# Walgreens 2018



## RottingApples (Oct 3, 2010)

Nothing yet, but I keep checking every couple of days. And there's 3 Walgreens near me so I'm checking a lot. Crossing my fingers for a large Mayor hanging figure, some new Oogie stuff they haven't done before, and/ or other new characters (Lock/Shock/Barrel, Evil Scientist, The Hanging Tree...)

All I know is, I'm going to be spending a lot of money there in the next few weeks...

Assuming they don't just rehash everything...


----------



## Saki.Girl (Aug 22, 2012)

Ya nothing at ours yet either


----------



## Impy (Aug 13, 2015)

Halloween candy has hit my store so I'm hoping more interesting stuff will follow soon.


----------



## dbruner (Aug 23, 2012)

School starts here on Monday, so the school supply push should be over soon and then they will start putting out the Halloween.


----------



## Saki.Girl (Aug 22, 2012)

dbruner said:


> School starts here on Monday, so the school supply push should be over soon and then they will start putting out the Halloween.


Nice its 4 more weeks till school starts here


----------



## RCIAG (Jul 19, 2010)

Yeah, we don't start until the day after Labor Day now so a lot of stores are still stuck in BTS mode.


----------



## Mich1073 (Jun 16, 2018)

Saki.Girl said:


> Ok I am excited to see what NBC stuff and Halloween stuff Walgreens has this year
> 
> 
> anyone seen anything yet ?


I asked the manager today, they have nothing yet and won't for a while. They get the product templates for NBC stuff and they do not have that yet either. Candy is it.


----------



## Saki.Girl (Aug 22, 2012)

Mich1073 said:


> I asked the manager today, they have nothing yet and won't for a while. They get the product templates for NBC stuff and they do not have that yet either. Candy is it.


oh thanks for letting us know


----------



## Screaming Demons (Sep 15, 2008)

Walgreens has been such a disappointment the last few years. I remember when it used to be the place everyone was looking forward to checking out.


----------



## RottingApples (Oct 3, 2010)

They haven't disappointed when it comes to Nightmare Before Christmas specific stuff the last couple years. Sure, there's a lot of reused stuff from years past, but given how limited and how popular it is, it works out for people who missed items. And, I've loved that they've introduced plenty of new characters and items each year, so I'm excited to see what they come up with this year.


----------



## Hearthfire (Aug 14, 2017)

Nothing but some candy here in Augusta. I asked the manager and he said that particular store only got candy last year. That’s ridiculous.


----------



## Impy (Aug 13, 2015)

My Walgreens is mostly set, I think.
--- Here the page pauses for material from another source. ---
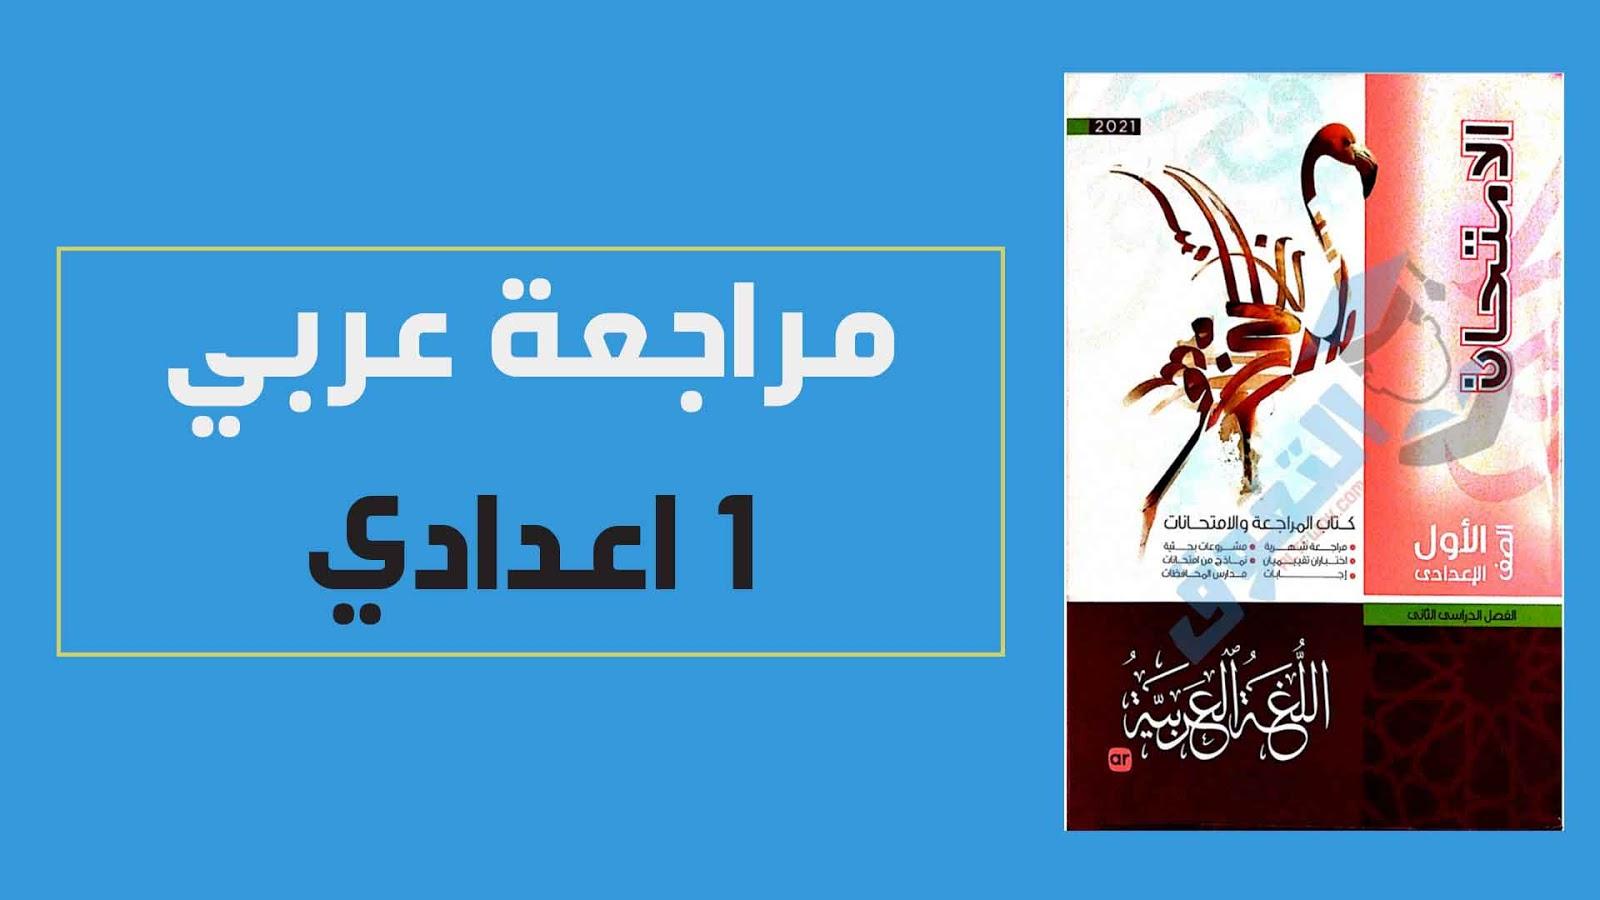 تحميل كتاب الامتحان فى اللغة العربية للصف الاول الاعدادى الترم الثانى 2021 pdf ( كتاب المراجعة المستمرة والامتحانات)
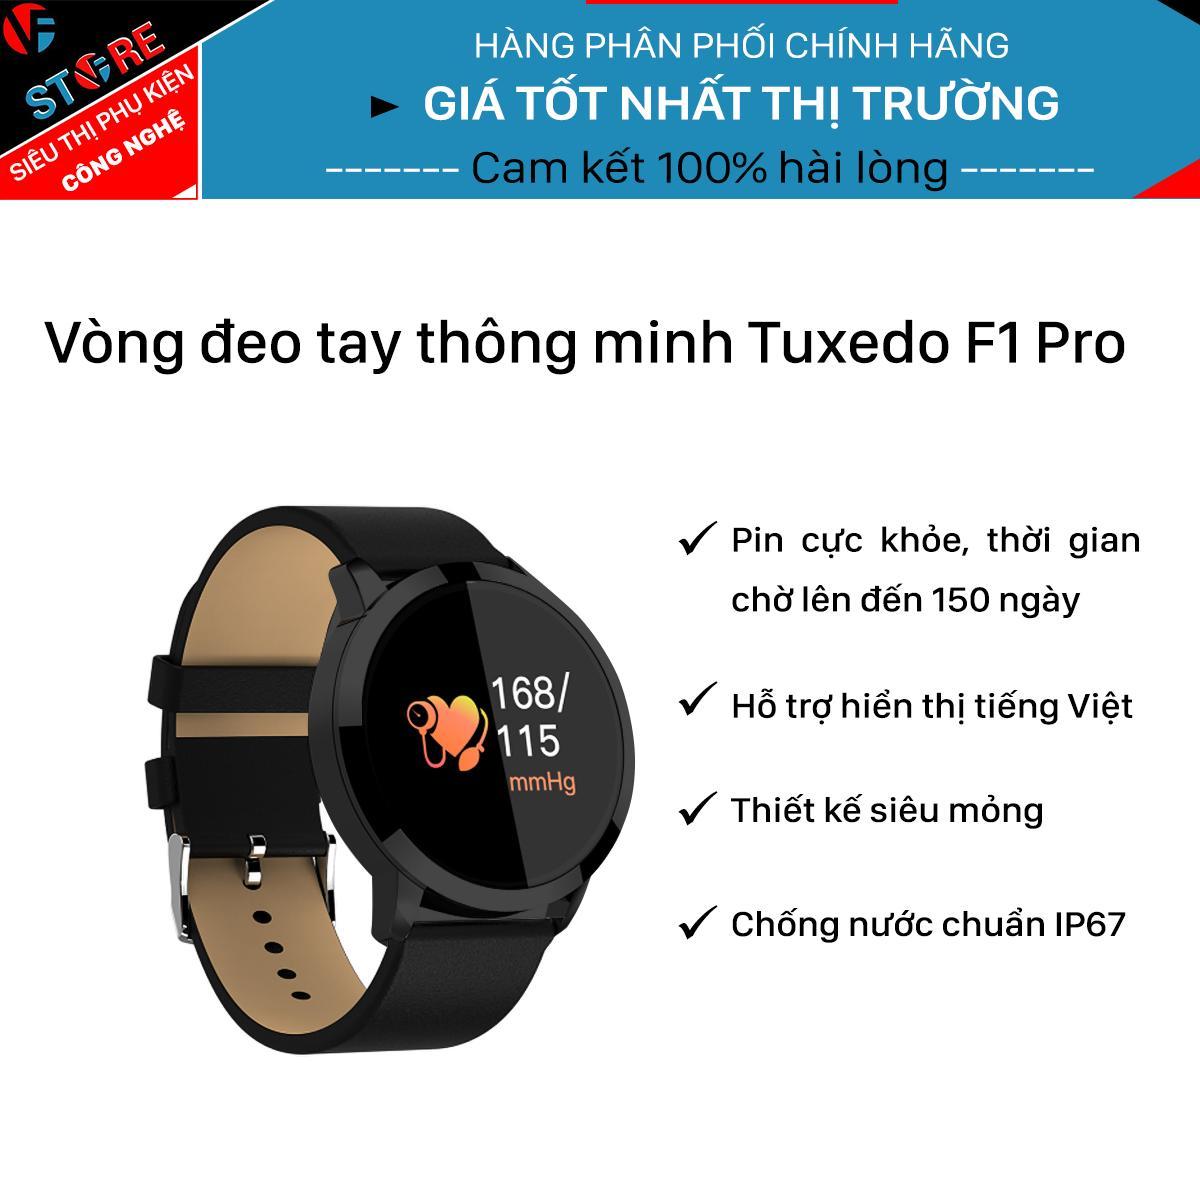 Hình ảnh Vòng đeo tay thông minh Tuxedo F1 Pro pin cực khỏe, thời gian chờ 150 ngày

I'm kind of hoping there's more actual decor coming because usually the makeup ends up elsewhere but as it is, it seems to be mostly skellies of different varieties, NBC stuff, some Harry Potter, DotD, makeup/glowsticks and then costume stuff.

I didn't get any fabulous pictures because I was trying to get the stuff that would interest a friend all while being hustled out the door. 

The WiC number for Jack and Sally is 776-434


----------



## SilentRaven (Oct 4, 2015)

im hoping they come out with more day of the dead animals this year. i really love my cat and dog that i got last year. and of course looking to see if they add a new nbc 12 figures and small plush dolls

Impy: i can see the dotd cat in your picture, did you notice any more animals?


----------



## Matt12378 (Jul 9, 2017)

https://youtu.be/MiJvQI7ql_0


----------



## Impy (Aug 13, 2015)

They had another dog, I think with a veil? I don't remember anything beyond a cat and dog this year though, but I'll double check. I thought the cat was cute and if it's still there once I've built my points back up, I'll probably snag it to add to the kitty collection.


----------



## SilentRaven (Oct 4, 2015)

went to one of my walgreens that has just started clearing the shelves to make room for halloween, they only had candy so far. but the did have a floating isle display for harry potter stuff. there was not any items on it yet so im curious as to whats going in. any body else see this?


----------



## 0ogieBo0gieMan (Aug 25, 2017)

Stopped by a Walgreens by my job today and spotted a Zero hanging decor.


----------



## Impy (Aug 13, 2015)

SilentRaven said:


> went to one of my walgreens that has just started clearing the shelves to make room for halloween, they only had candy so far. but the did have a floating isle display for harry potter stuff. there was not any items on it yet so im curious as to whats going in. any body else see this?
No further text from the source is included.